## Exercise
After locating the line that bears "Cuttlebug Compatibility Chart", restate word for word that line and the rest of the listing to its final line, excluding all pictures.

## Given entries
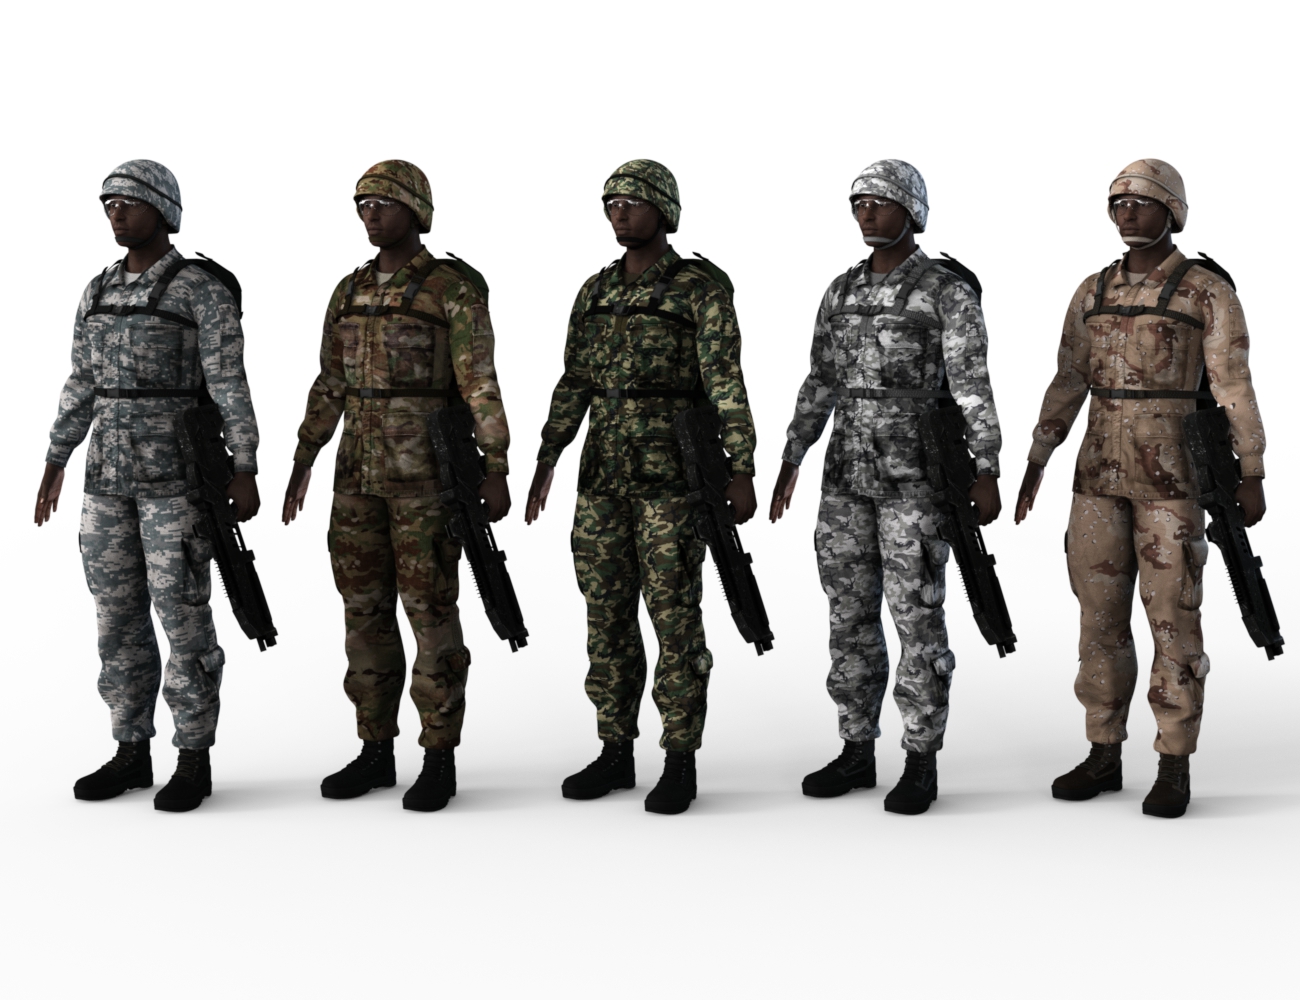 FBX- Dash Army Uniform by: Paleo, 3D Models by Daz 3D
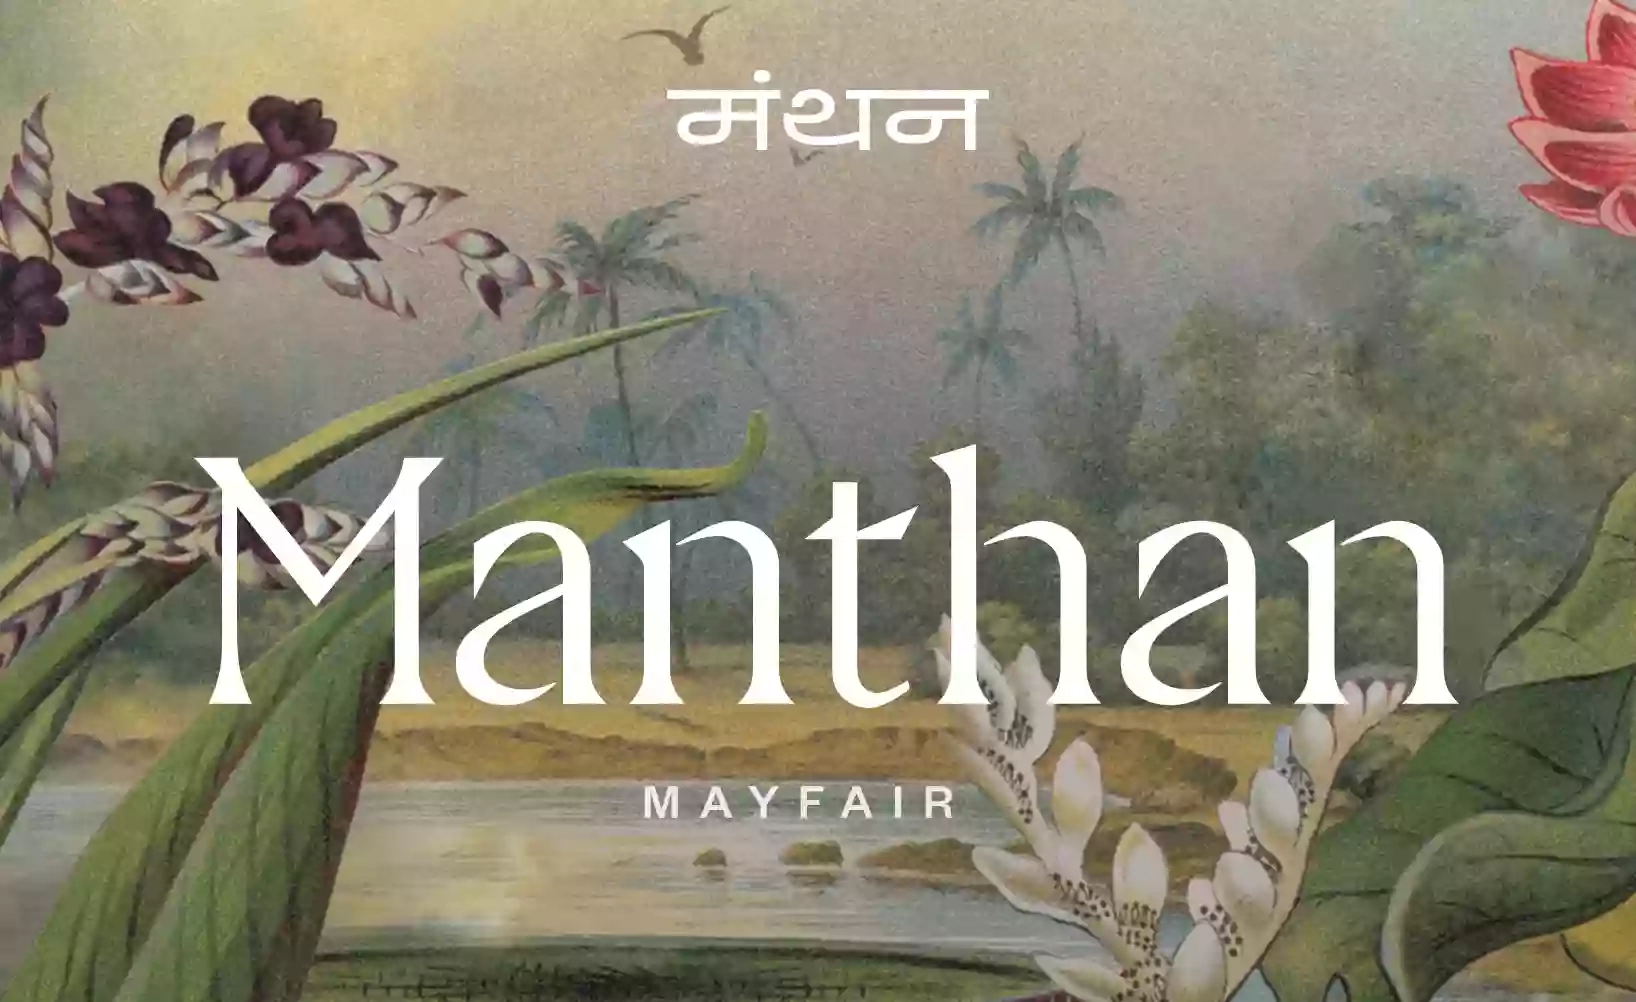 Manthan
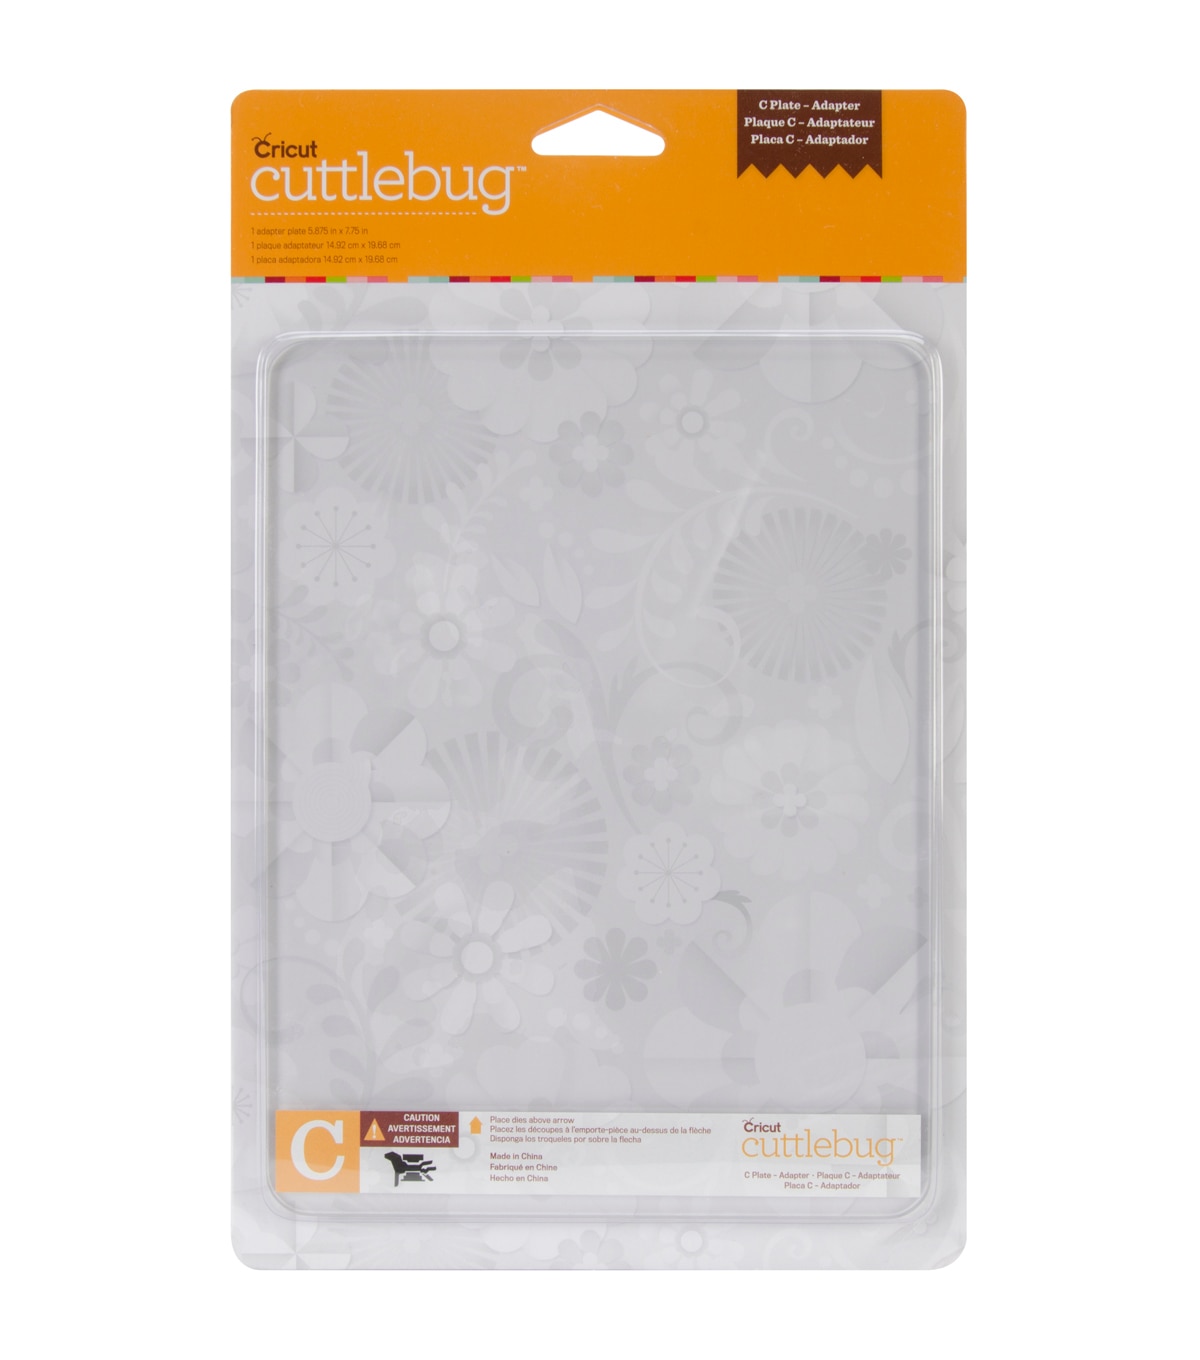 Cuttlebug Compatibility Chart
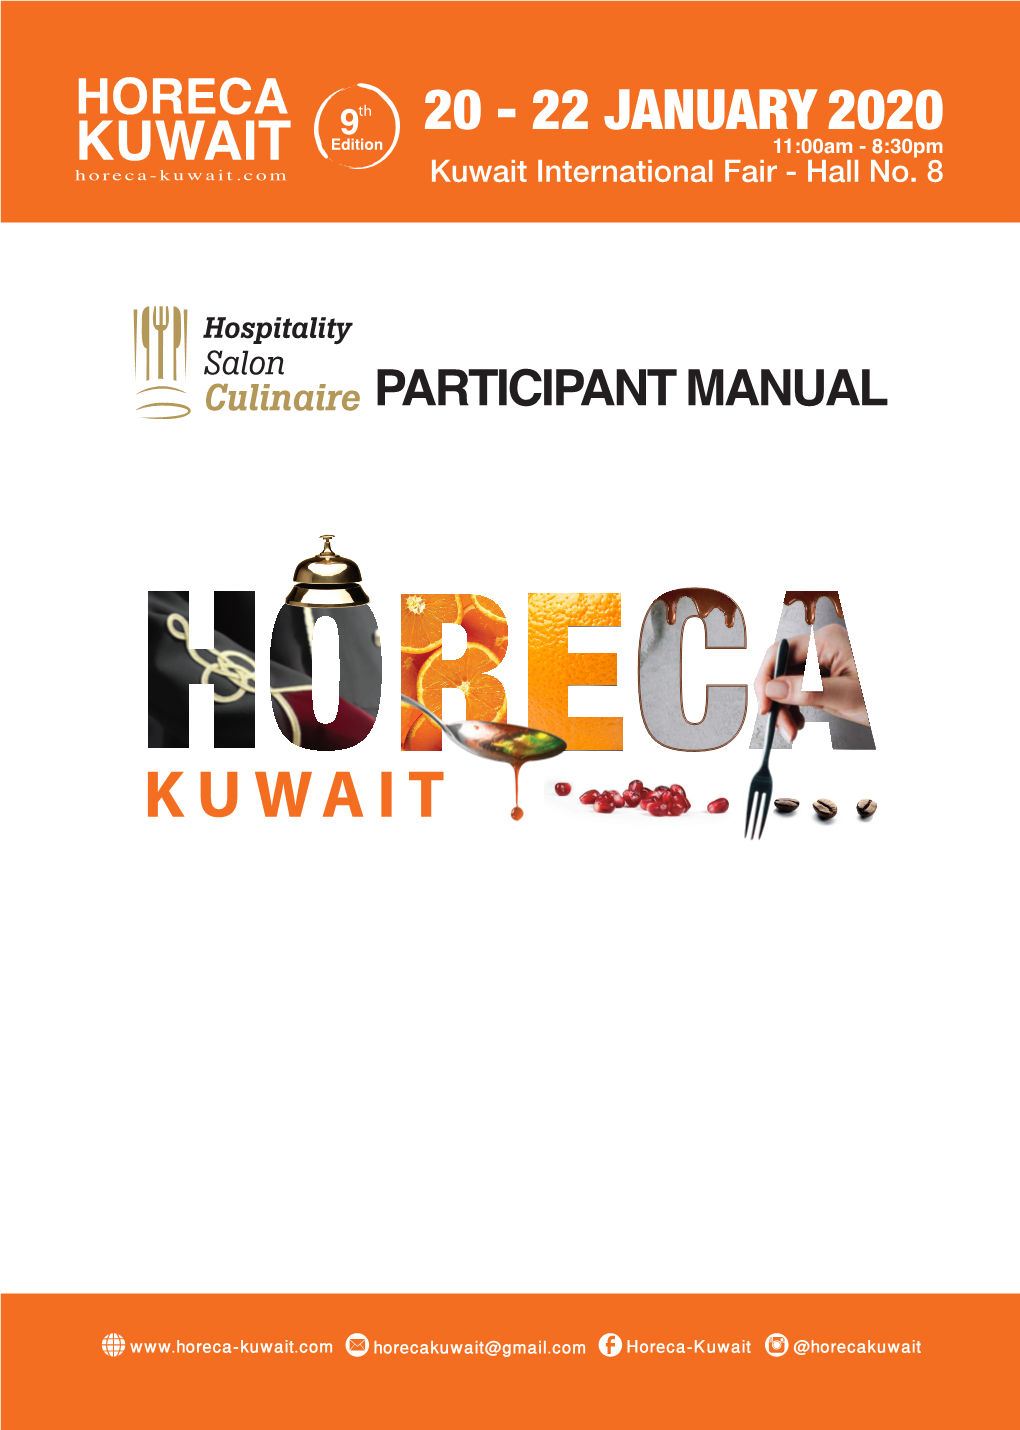 Kuwait.Comkuwait Kuwait International Fair - Hall No
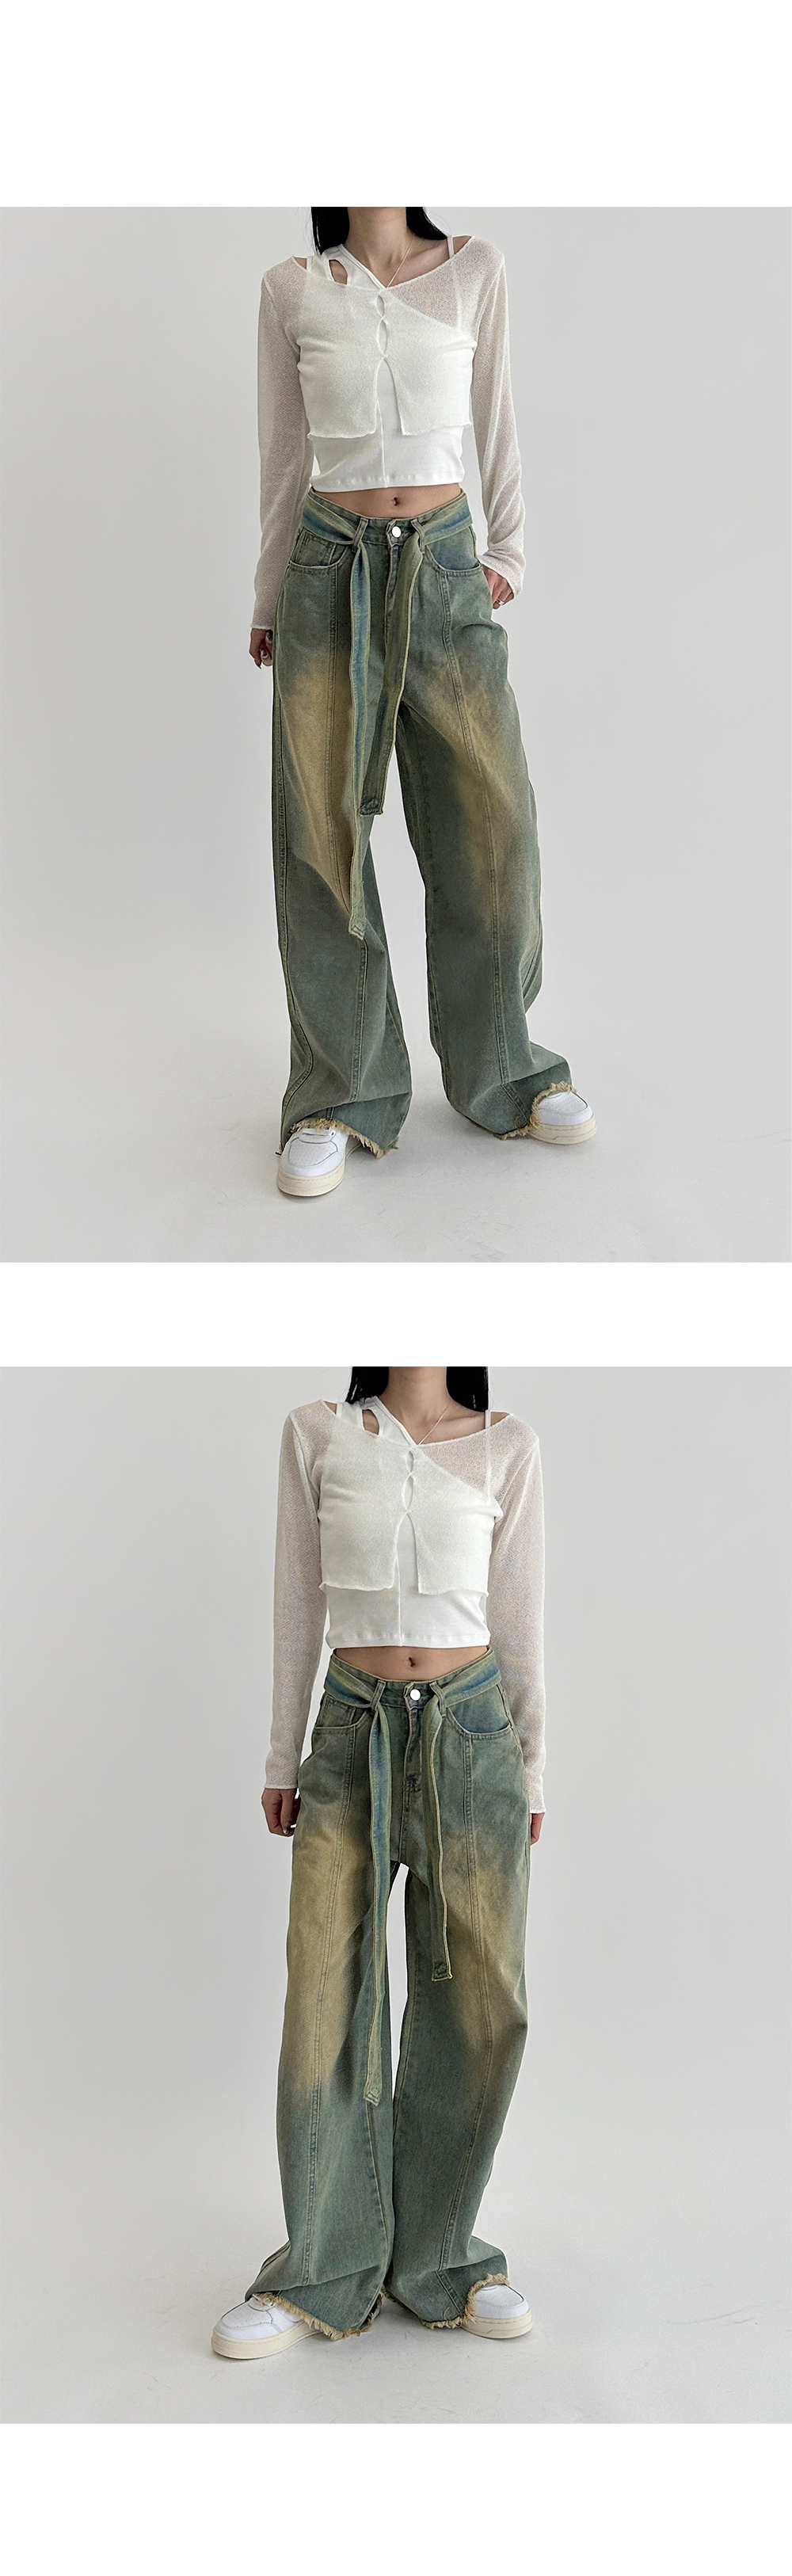 Pants model image-S1L8

## Solution to the problem
 Cuttlebug Compatibility Chart
 Kuwait.Comkuwait Kuwait International Fair - Hall No
 Pants model image-S1L8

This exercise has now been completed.